_PROBLEM_.
Restate the data word for word. Leave the pictures out.

DATA EXCERPT Start Marker

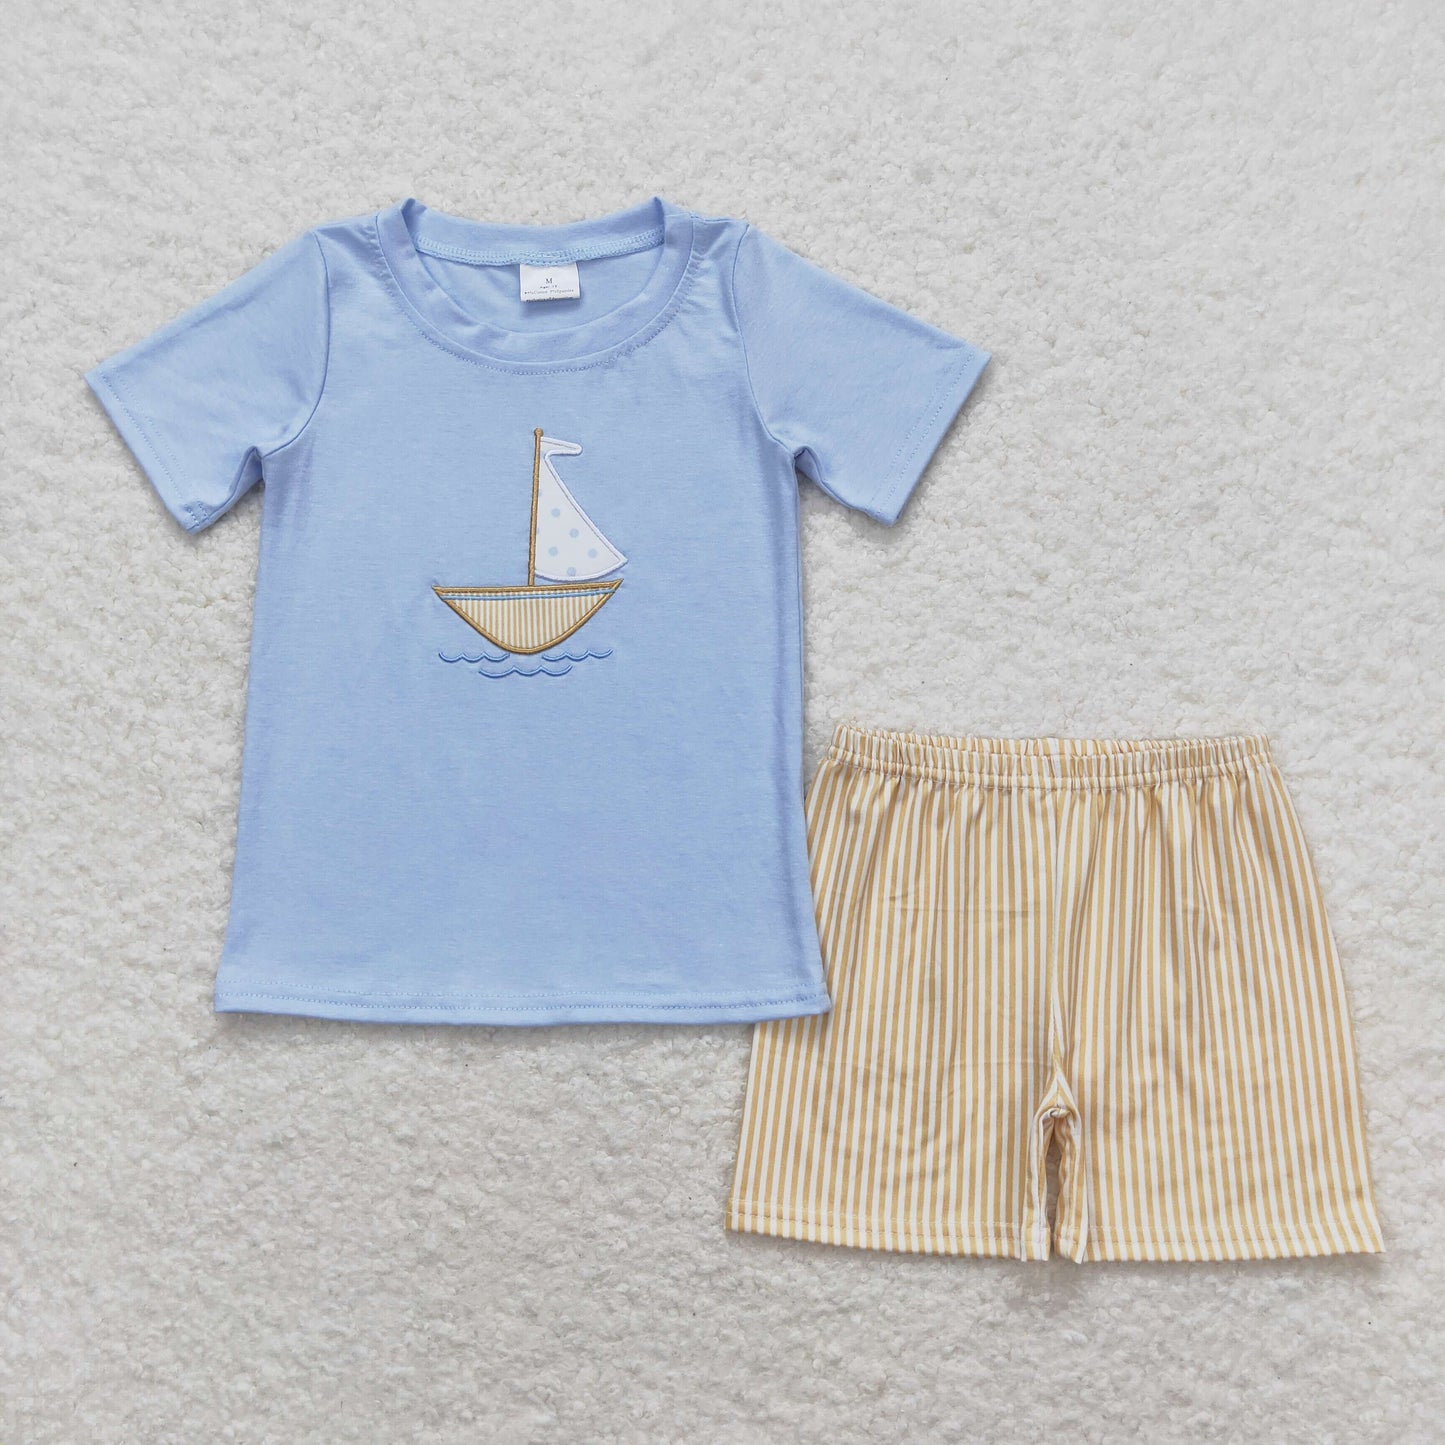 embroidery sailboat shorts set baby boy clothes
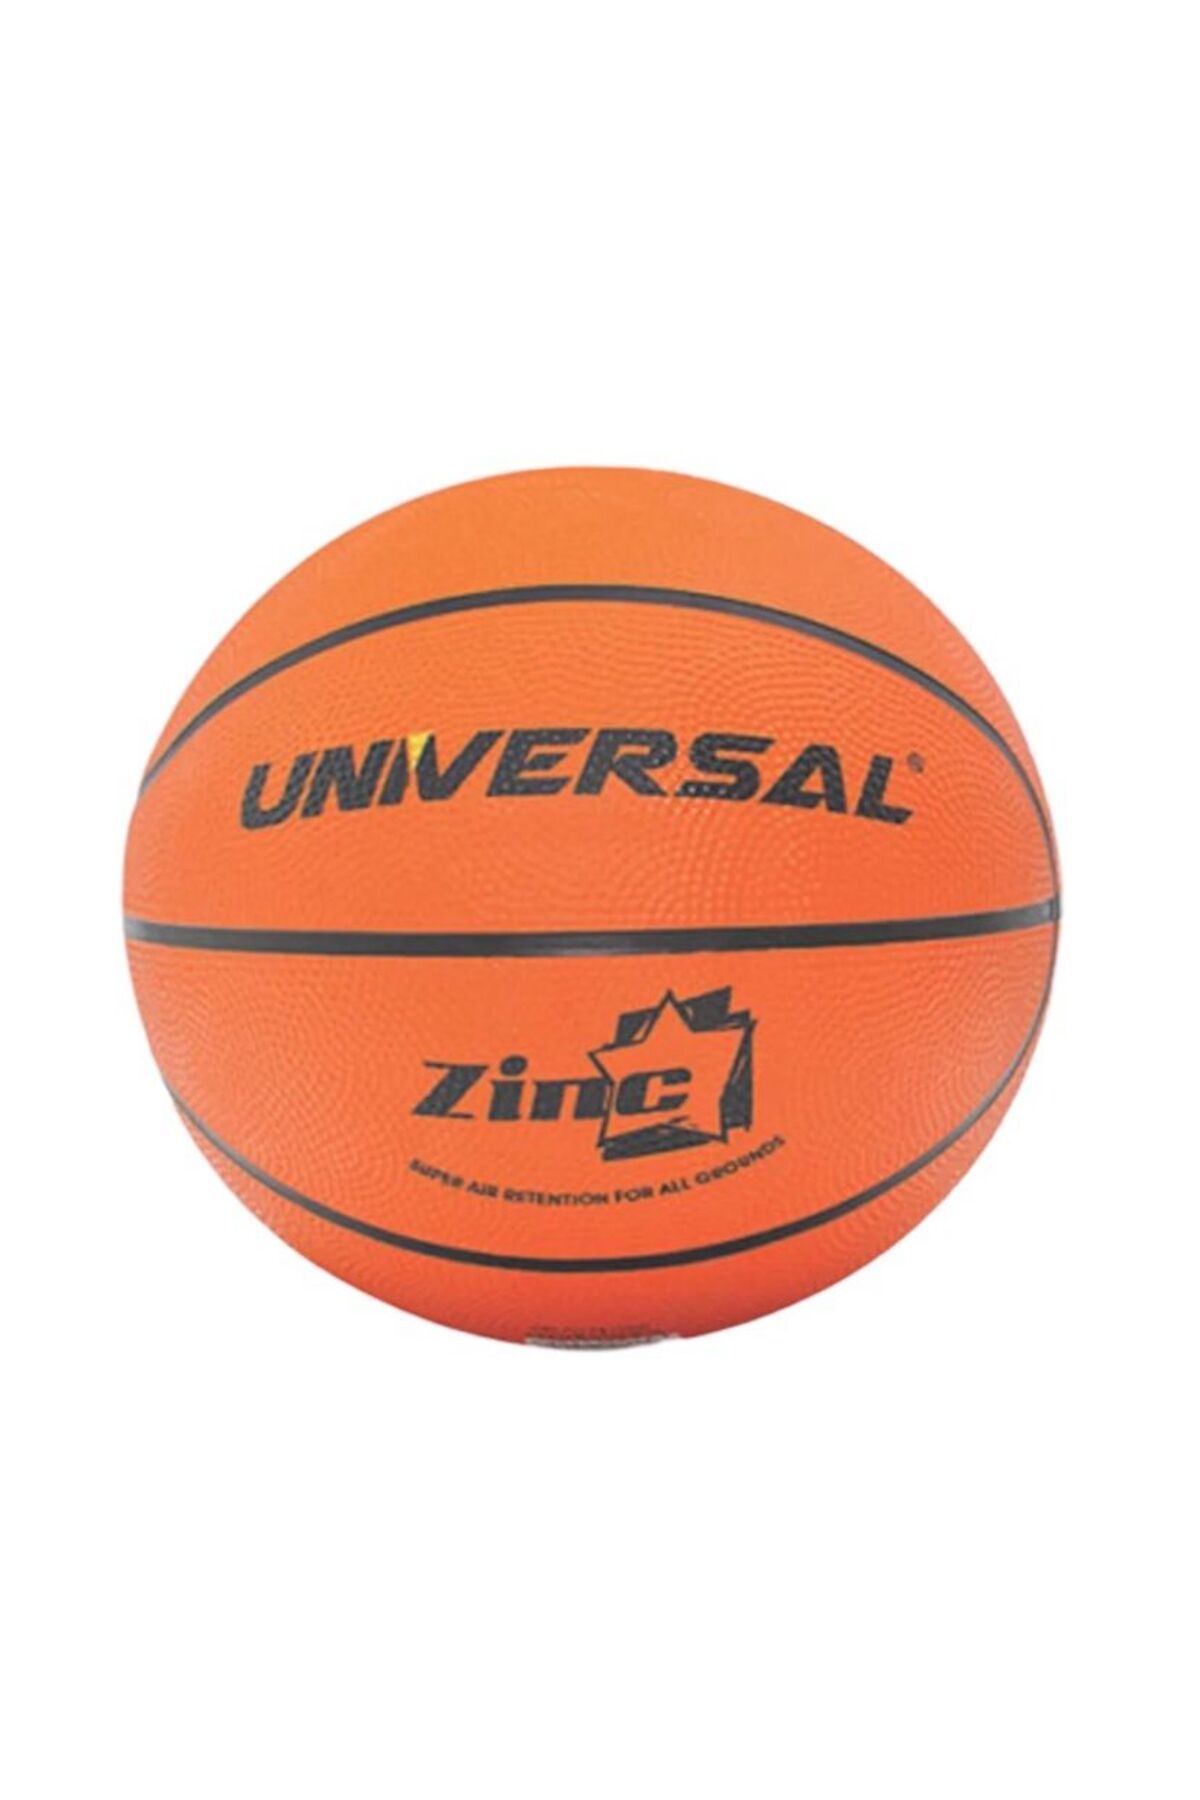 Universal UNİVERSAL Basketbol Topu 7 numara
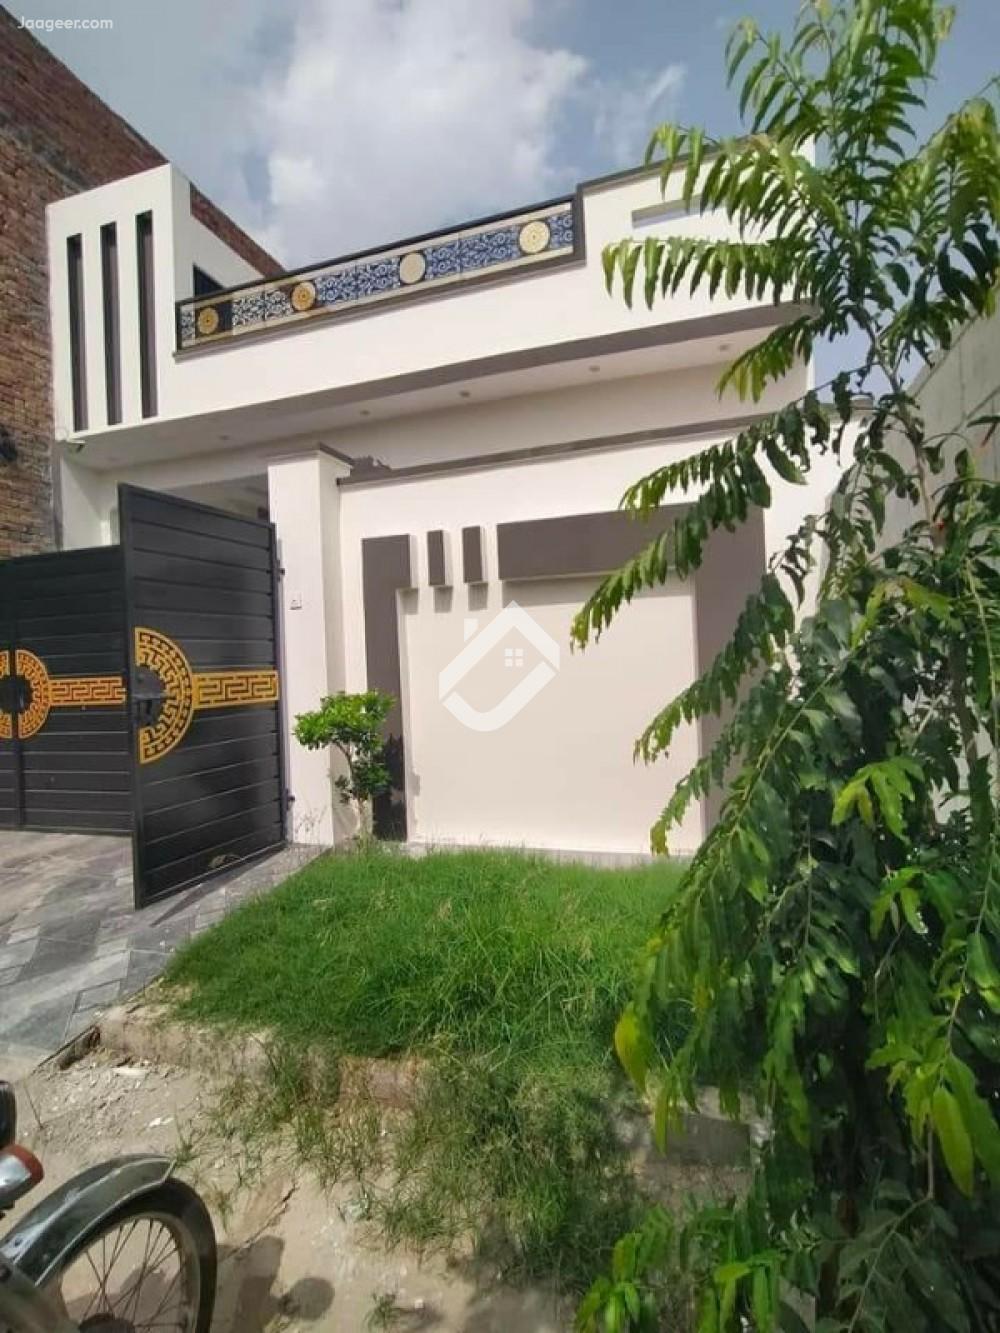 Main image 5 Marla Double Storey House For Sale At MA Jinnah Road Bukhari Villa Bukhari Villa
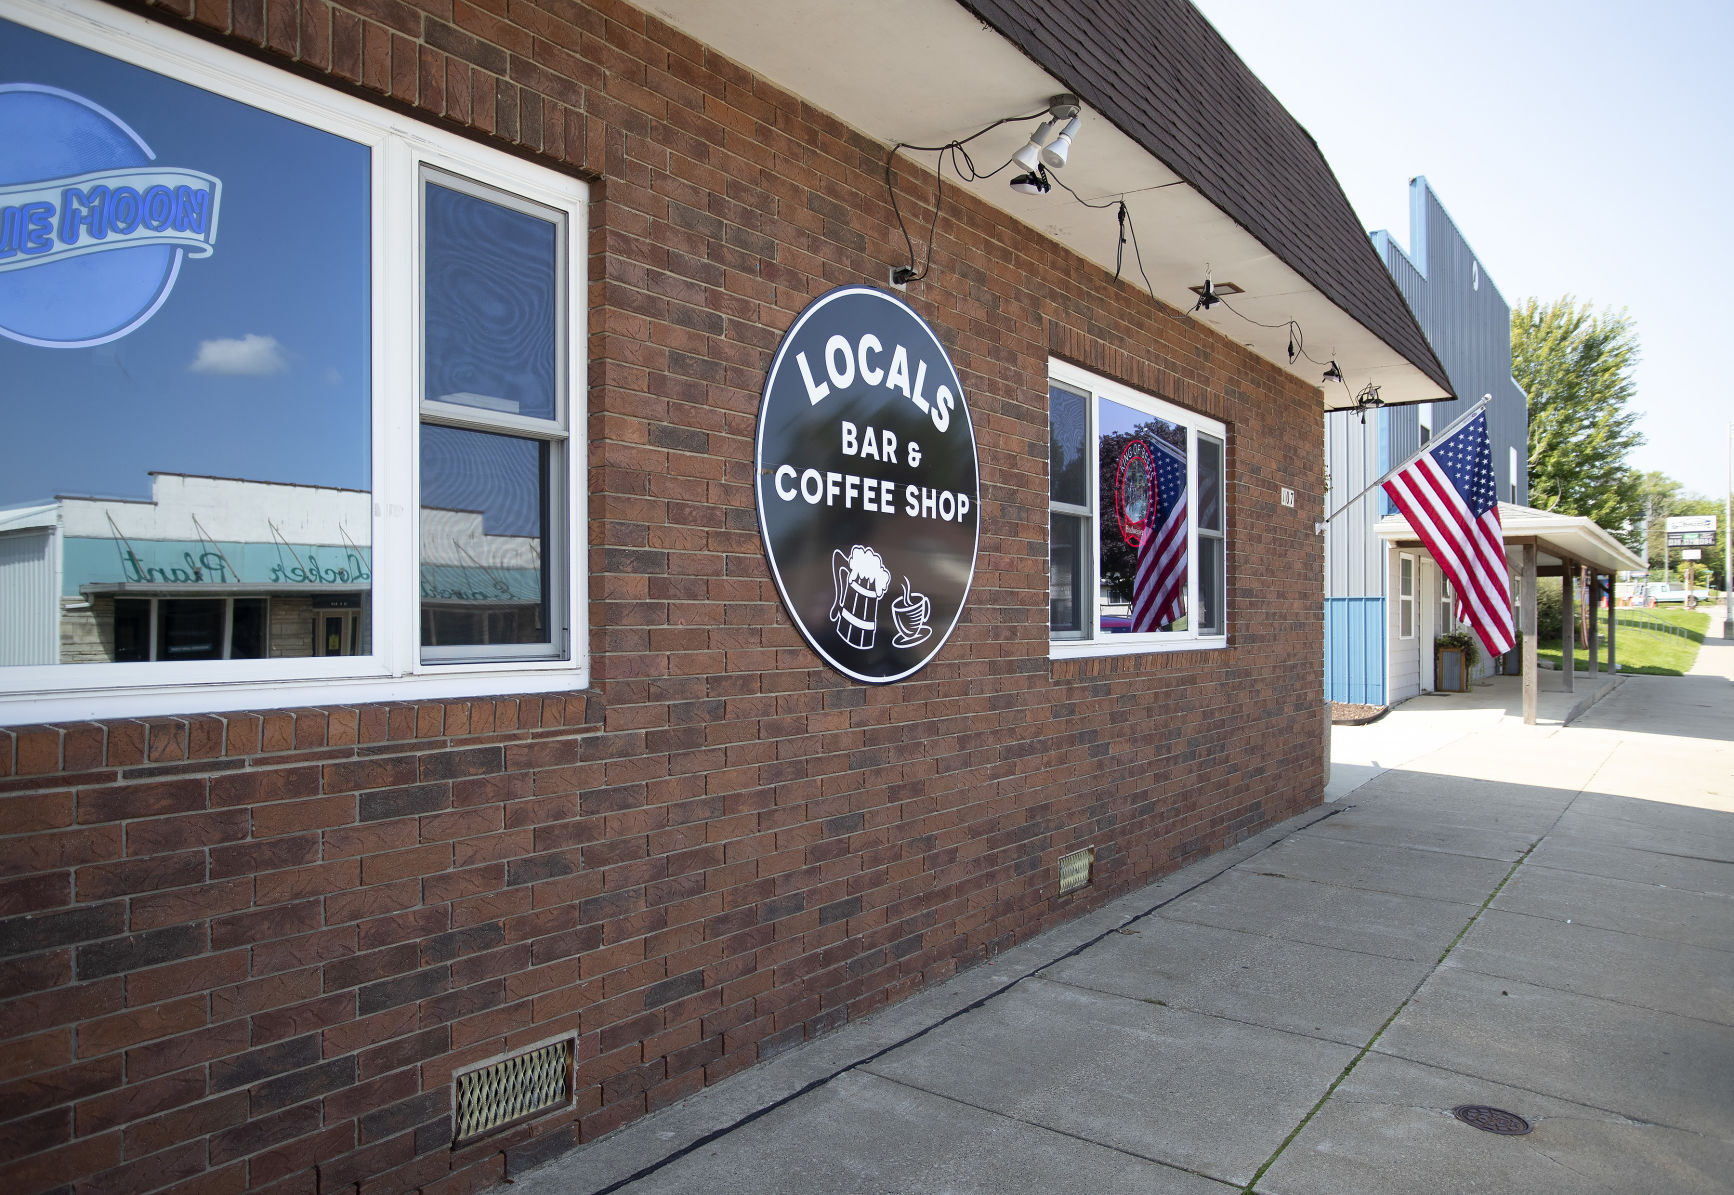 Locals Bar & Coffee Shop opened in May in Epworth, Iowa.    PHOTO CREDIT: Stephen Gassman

DATA EXCERPT End Marker

_EXERCISE RESPONSE_.
 embroidery sailboat shorts set baby boy clothes
 Universal UNİVERSAL Basketbol Topu 7 numara
 Main image 5 Marla Double Storey House For Sale At MA Jinnah Road Bukhari Villa Bukhari Villa
 Locals Bar & Coffee Shop opened in May in Epworth, Iowa.    PHOTO CREDIT: Stephen Gassman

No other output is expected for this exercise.